Welcome to the fascinating world of MyScaleDB! As the SQL vector database designed for developers who want to build production-grade and scalable AI applications, MyScaleDB allows you to leverage your familiar SQL skills to manage massive volumes of data. In this guide, you’ll learn how to set up MyScaleDB and troubleshoot any potential issues.
What is MyScaleDB?
MyScaleDB is built on top of the ClickHouse platform, optimizing for AI applications, enabling effective management and processing of diverse data types, including structured, text, and vectorized data. The key benefits of using MyScaleDB are:
- Fully SQL-Compatible: Use familiar SQL syntax with vector-related functions, making vector search and SQL-vector join queries as seamless as ever.
- Production-Ready for AI applications: A unified platform for managing various data formats, enhancing retrieval accuracy through metadata filtering.
- Unmatched Performance and Scalability: Leverage cutting-edge architecture for lightning-fast vector operations.

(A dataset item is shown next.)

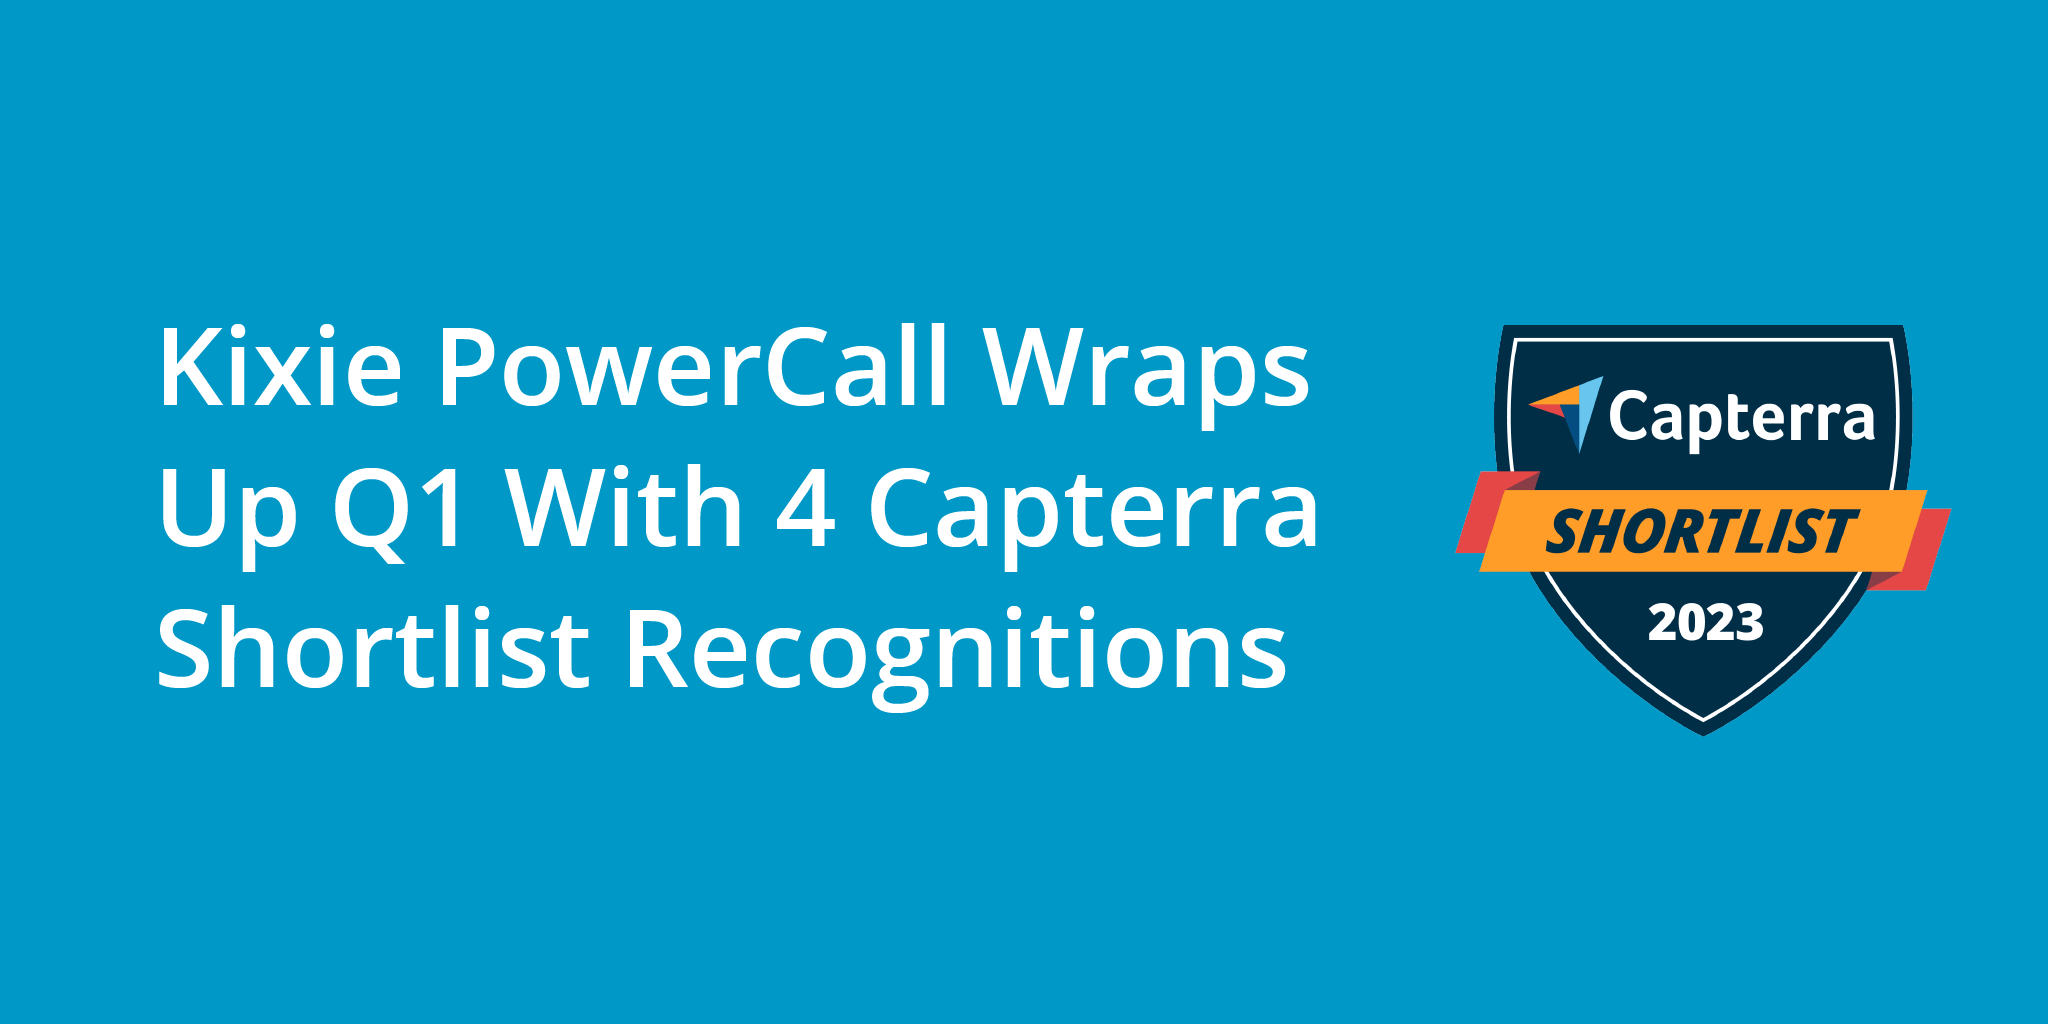 Kixie PowerCall Wraps Up Q1 With 4 Capterra Shortlist Recognitions | Telephones for business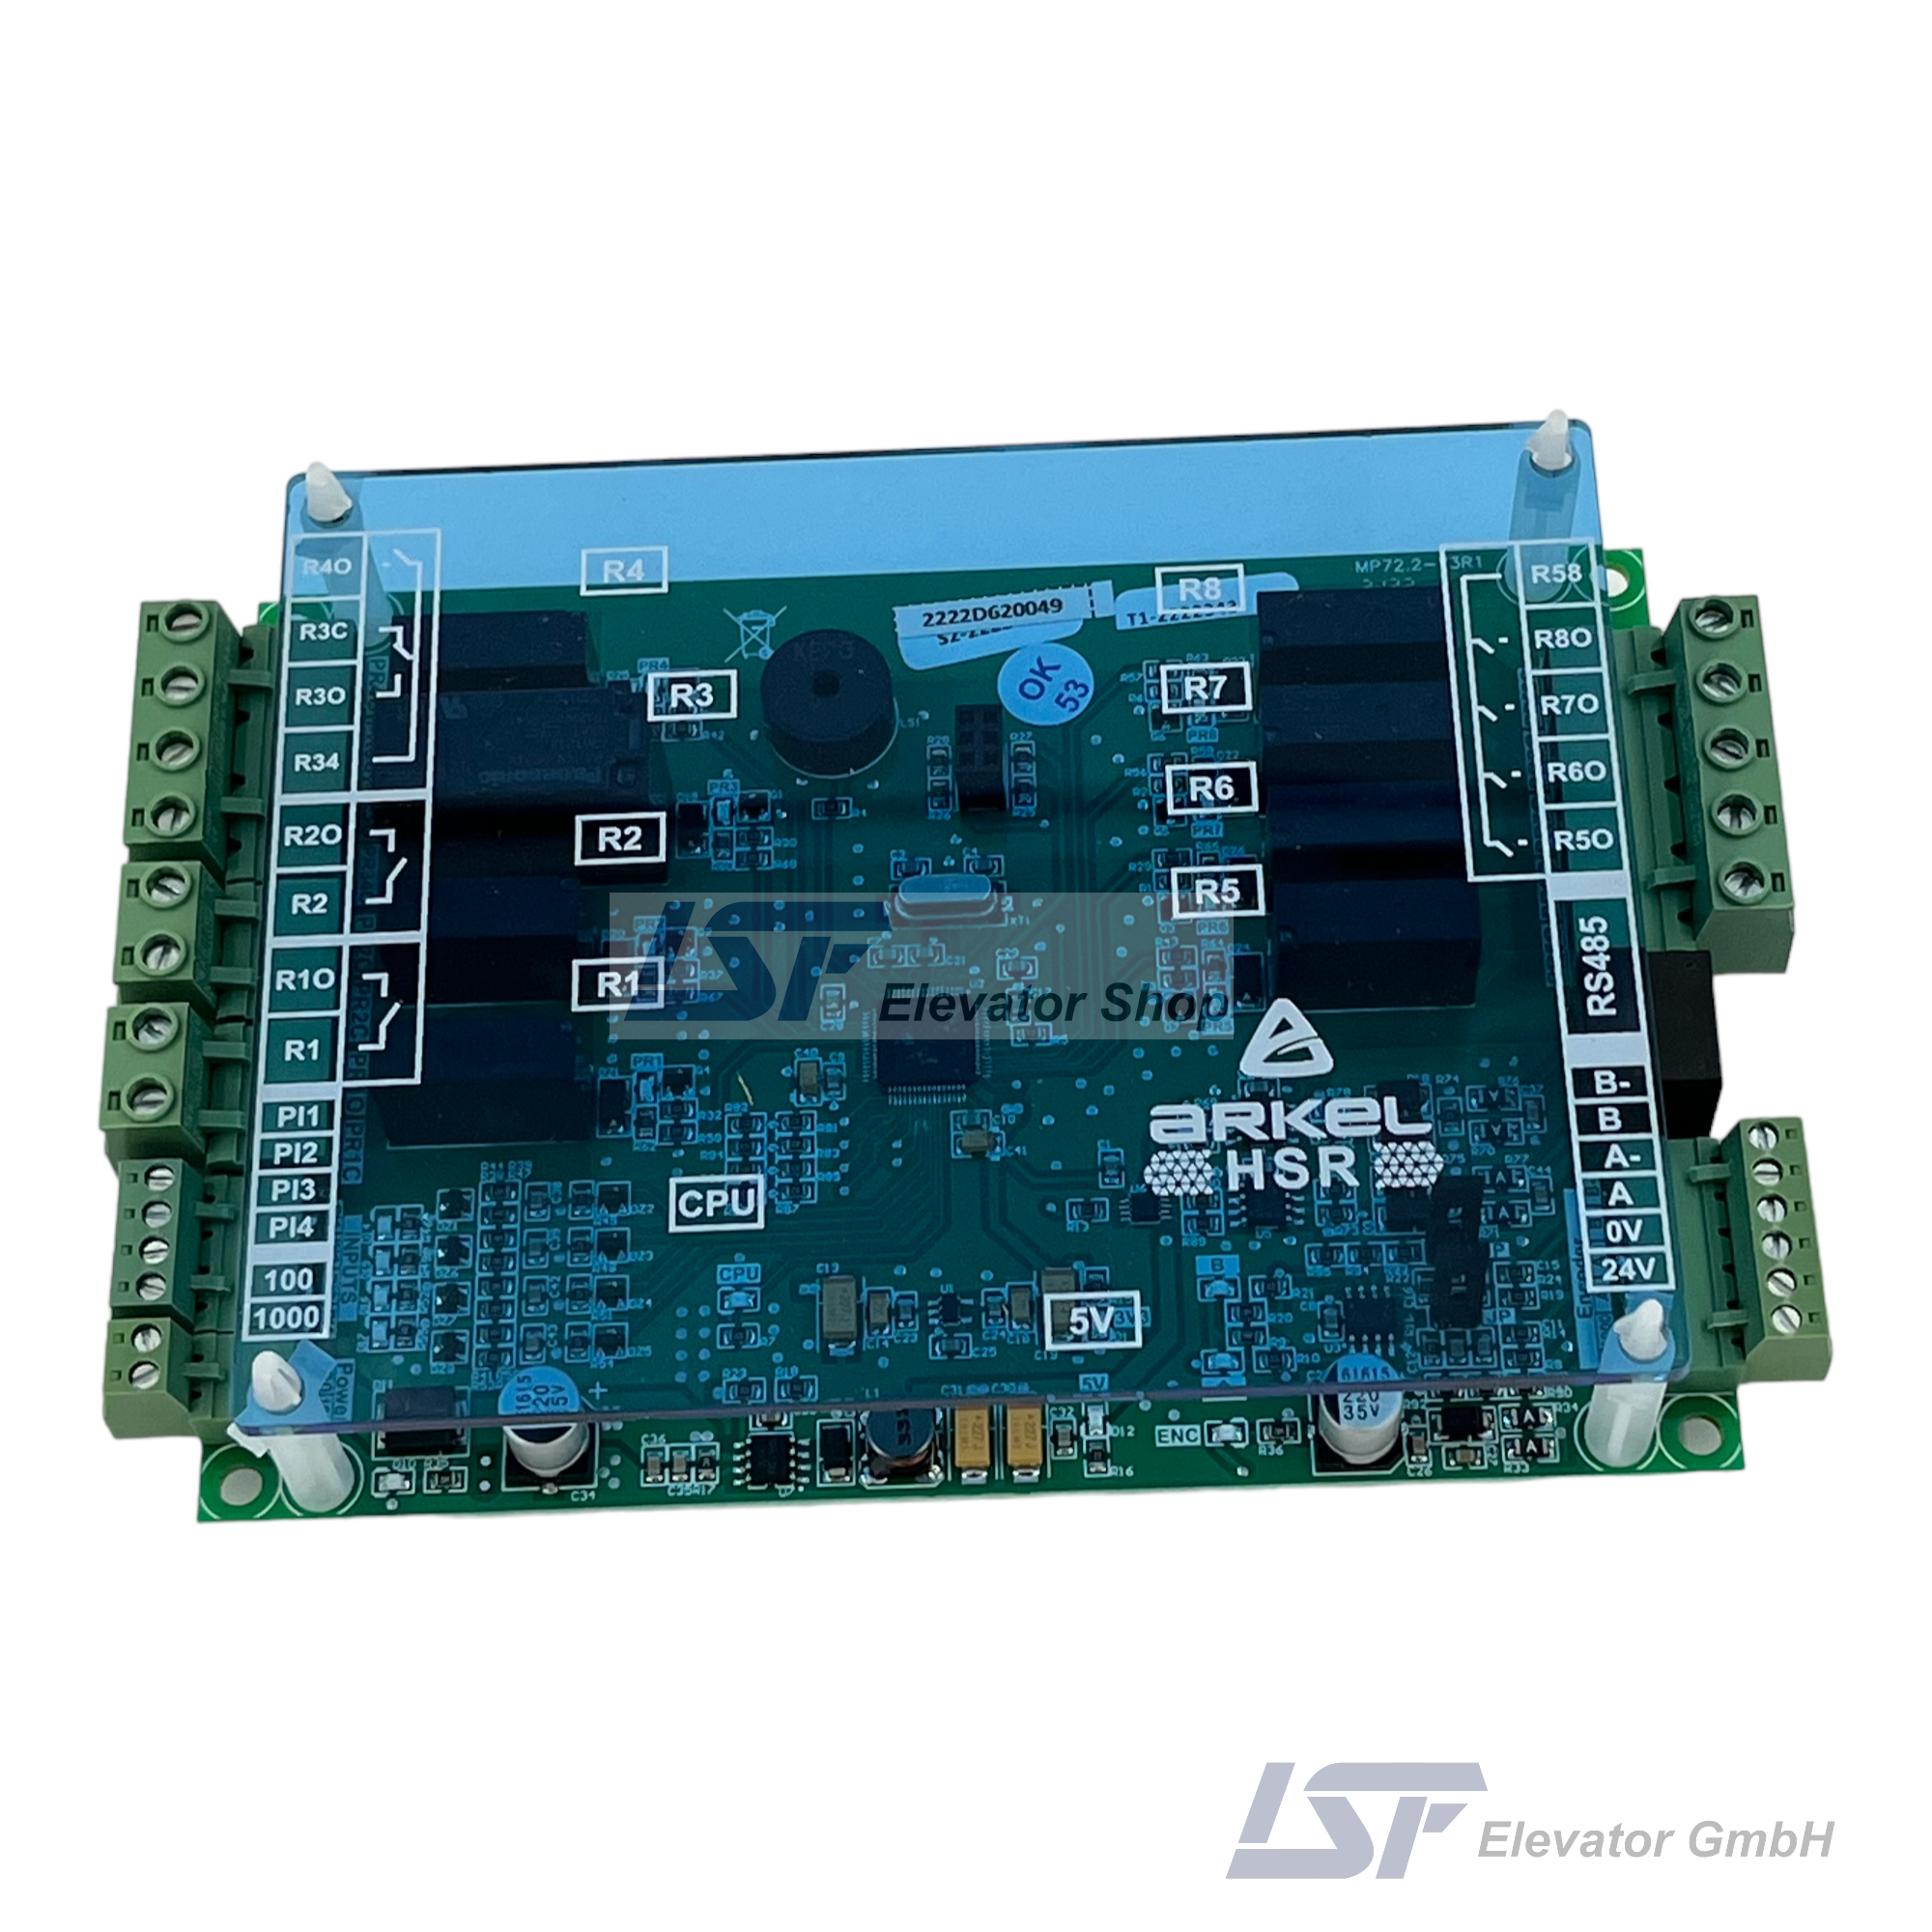 HSR Arkel Connection Board For Hydraulics and VVVF (ARL-700) (Front)

Quick Start with MyScaleDB
Using MyScale Cloud
The simplest way to use MyScaleDB is through the MyScale Cloud service. You can sign up for a free pod supporting 5 million vectors and access the MyScaleDB QuickStart documentation directly for additional guidance.
Self-Hosted Installation
If you prefer self-hosting, you can use Docker to run MyScaleDB. Follow these steps:
Using MyScaleDB Docker Image
To pull and run the latest MyScaleDB Docker image, execute the following command:
docker run --name myscaledb --net=host myscale/myscaledb:1.7.1
Note: The default configuration allows localhost IP access only. Make sure to specify –net=host option.
Using Docker Compose
Set up your directory structure as follows, including the docker-compose.yaml file:
mymyscaledb
|-- docker-compose.yaml
|-- volumes
|-- config
| |-- users.d
| |-- custom_users_config.xml
Here’s a sample configuration for your docker-compose.yaml:
version: '3.7'
services:
myscaledb:
image: myscale/myscaledb:1.7.1
tty: true
ports:
- "8123:8123"
- "9000:9000"
- "8998:8998"
- "9363:9363"
- "9116:9116"
networks:
myscaledb_network:
ipv4_address: 10.0.0.2
volumes:
- $DOCKER_VOLUME_DIRECTORY:-.volumes/data:/var/lib/clickhouse
- $DOCKER_VOLUME_DIRECTORY:-.volumes/log:/var/log/clickhouse-server
- $DOCKER_VOLUME_DIRECTORY:-.volumes/config/users.d/custom_users_config.xml:/etc/clickhouse-server/users.d/custom_users_config.xml
deploy:
resources:
limits:
cpus: "16.00"
memory: "32Gb"
networks:
myscaledb_network:
driver: bridge
ipam:
driver: default
config:
- subnet: 10.0.0.0/24
After updating your configuration file, execute the following commands to start your MyScaleDB instance:
cd myscaledb
docker-compose up -d
Access your MyScaleDB command line interface:
docker exec -it myscaledb-myscaledb-1 clickhouse-client
Now, let’s jump into executing SQL statements!
MyScaleDB Example Usage
Creating a table with a vector column and inserting data can be done with SQL commands. Here’s how you can approach this:
- Create a Table with Vector Column:
CREATE TABLE default.wiki_abstract(
id UInt64,
body String,
title String,
url String,
body_vector Array(Float32),
CONSTRAINT check_length CHECK length(body_vector) = 384
) ENGINE = MergeTree ORDER BY id;
INSERT INTO default.wiki_abstract
SELECT * FROM s3('https://myscale-datasets.s3.ap-southeast-1.amazonaws.com/wiki_abstract_with_vector.parquet', 'Parquet');
ALTER TABLE default.wiki_abstract
ADD VECTOR INDEX vec_idx body_vector TYPE SCANN(metric_type=Cosine);
SELECT id, title, distance(body_vector, array(...)) AS distance
FROM default.wiki_abstract
ORDER BY distance ASC
LIMIT 5;
Troubleshooting
If you face issues while setting up MyScaleDB, here are some troubleshooting tips:
- Check the Docker service status if your containers aren’t starting.
- Ensure your configuration file paths are correct and directories are mounted properly.
- If you encounter connection problems, verify that the correct port is exposed and accessible.
- Inspect logs for any error messages that can provide insights into the issue.
For more insights, updates, or to collaborate on AI development projects, stay connected with fxis.ai.
At fxis.ai, we believe that such advancements are crucial for the future of AI, as they enable more comprehensive and effective solutions. Our team is continually exploring new methodologies to push the envelope in artificial intelligence, ensuring that our clients benefit from the latest technological innovations.
Conclusion
With MyScaleDB, you can effectively manage both structured and vectorized data, making it a robust option for developers in the AI landscape. Utilize the tools and documentation provided to start building sophisticated datasets and applications now!